ReadMe2KG: Github ReadMe to Knowledge Graph

The vision of NFDI4DataScience (NFDI4DS) is to support all steps of the complex and interdisciplinary research data lifecycle, including collecting/creating, processing, analyzing, publishing, archiving, and reusing resources in Data Science and Artificial Intelligence. GitHub is a popular platform for hosting and collaborating on software projects. In the context of research, authors can use GitHub repositories to share the datasets, models, and source code of experiments in the paper. These repositories can provide implementation details and facilitate the exploration and reproduction of research results. Each GitHub repository typically includes a README.md file, which serves as an introductory document for the project.
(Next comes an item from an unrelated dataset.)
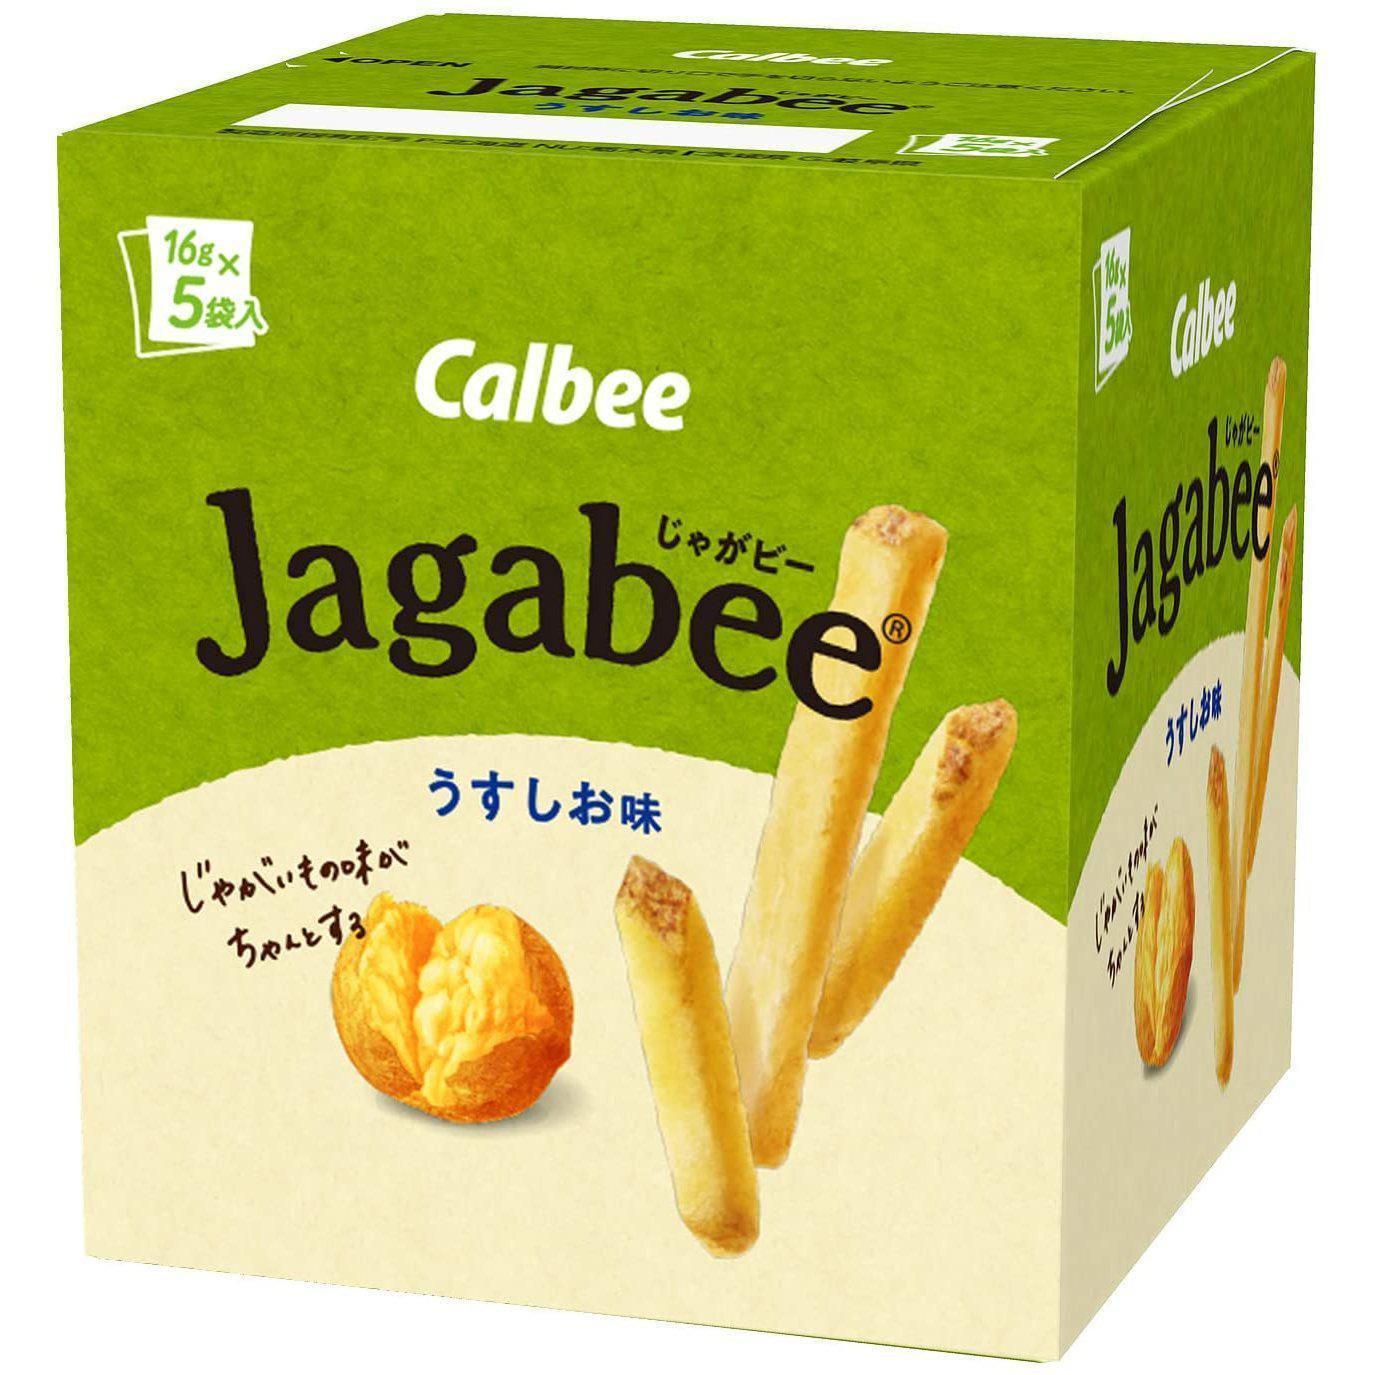 P-1-CALB-JBESAL-1:5-Calbee Jagabee Potato Sticks Snack Lightly Salted (Pack of 5 Boxes).jpg

READMEs are usually written in Markdown format and provide key information such as the project’s purpose, setup instructions, usage examples, and often links to the original research paper. Aiming to enhance the NDFI4DS-KG[1] with information from GitHub README files, a fine-grained Named Entity Recognition task is proposed.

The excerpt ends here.